The writing could be more penetrating but, as the sole readily-available account of Stanley Kubrick's never-made film about Napoleon, this turn-of-the-millennium Salon article is about as essential as footnotes get. Hung up by budget concerns and the subject's bad track record at the box office, the film, as we all know, was never made. Kubrick used some its ideas in later works--not only in the obvious Napoleon substitute, Barry Lyndon, but even Eyes Wide Shut, whose strange idea of a good time had its roots in erotic scenes first conceived for Napoleon.
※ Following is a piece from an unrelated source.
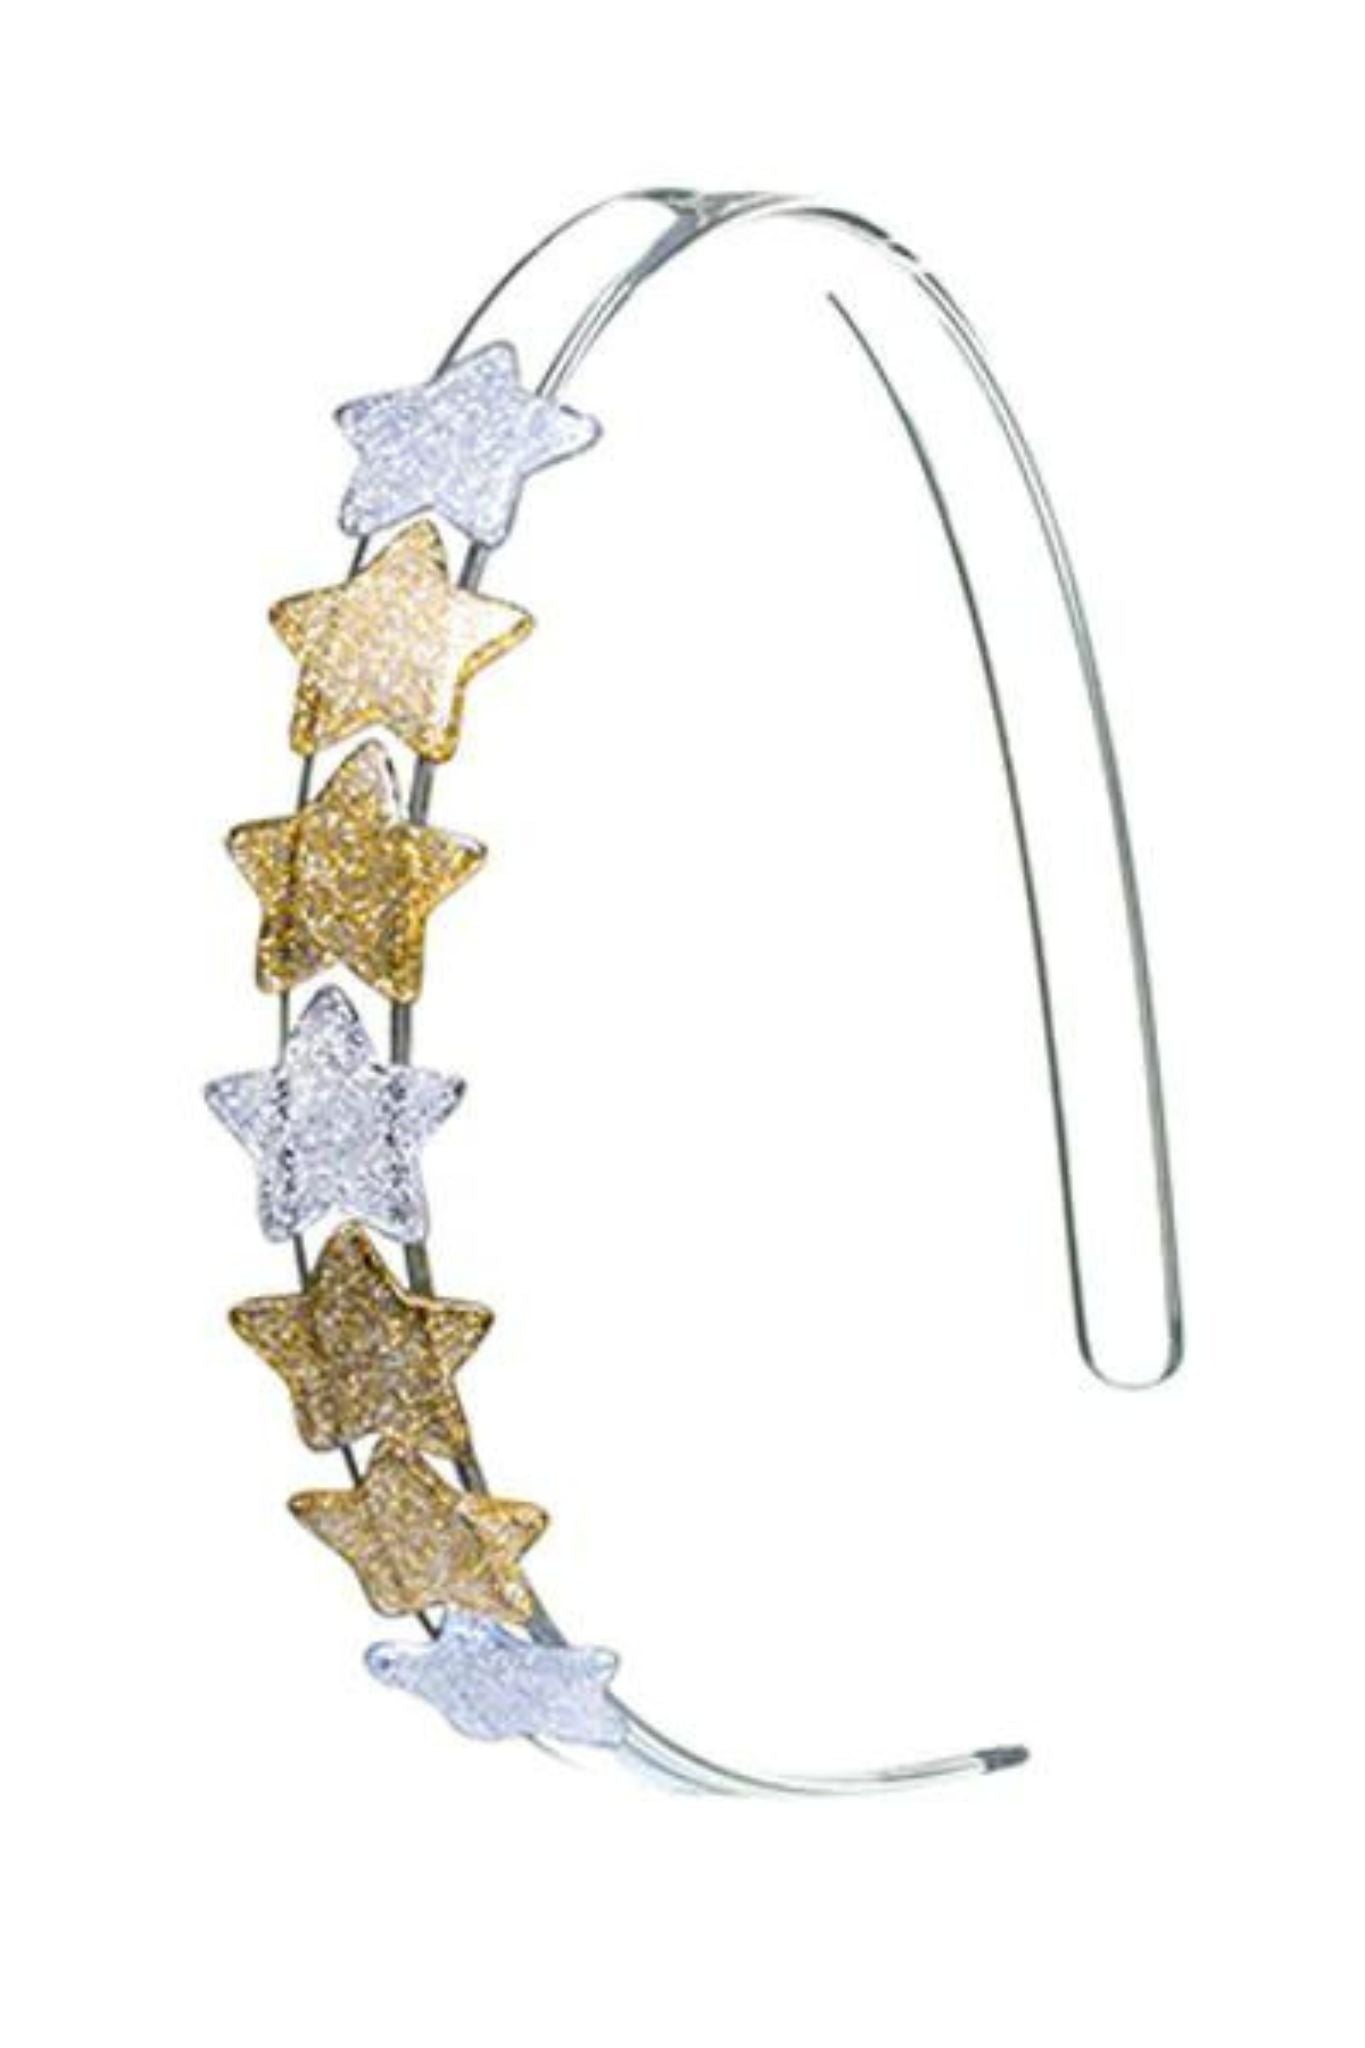 Lilies & Roses NY Stars Glitter Gold Silver Headband
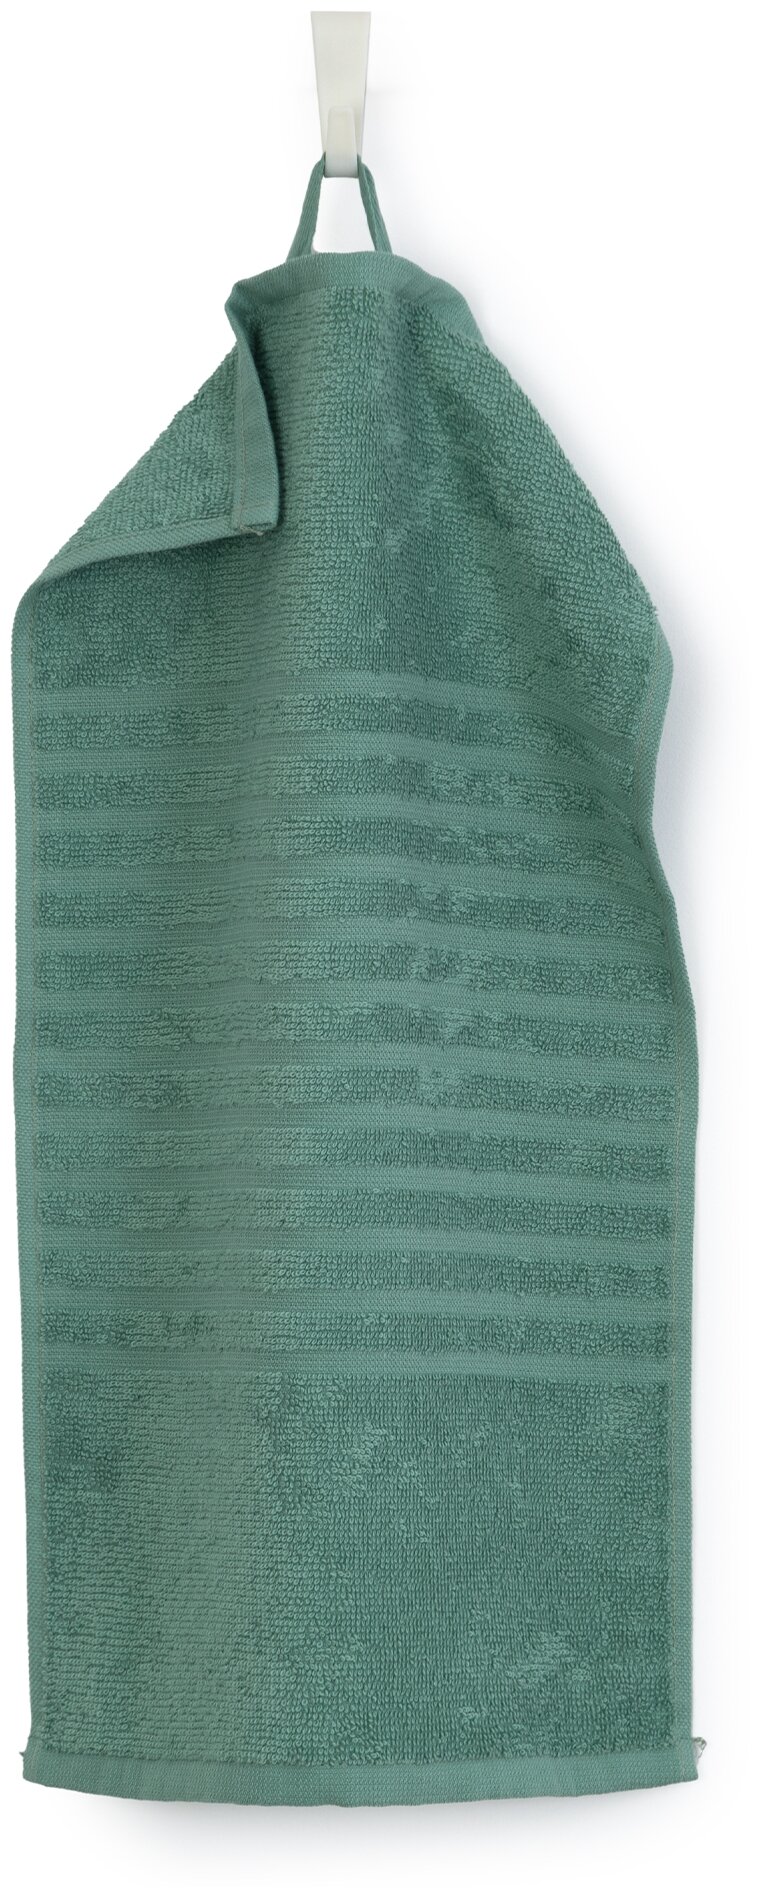 Салфетка махровая, полотенце для лица и рук, Донецкая мануфактура, 30Х50 см, цвет:зеленая камея, 100% хлопок - фотография № 1

As a young film punk, I actually scored a used copy of the Joseph Gelmis book of interviews with film directors that the article refers to, and it's both fascinating and pitiful to listen to Kubrick talk about when--not if--he is going to make his Napoleon film. His failure to see it through deprives us not only of another (potentially great) Kubrick picture, but also alters the shape of his life's work: there is, for better or worse, no obvious go-for-broke shot at a masterwork, no dream project. Sometimes such all-in bets work out, and sometimes they do not, but they sit at the centers of artists' careers like Kilimanjaro. With 2001 reluctant to be nudged into the centerpiece role, Kubrick's career is just one long, weird, mostly fine, always dogged trajectory. Which may be just as well.
For those of you with a few extra bucks to spend, Taschen has published a $560 limited-edition book on the making--or, in this case, non-making--of the film.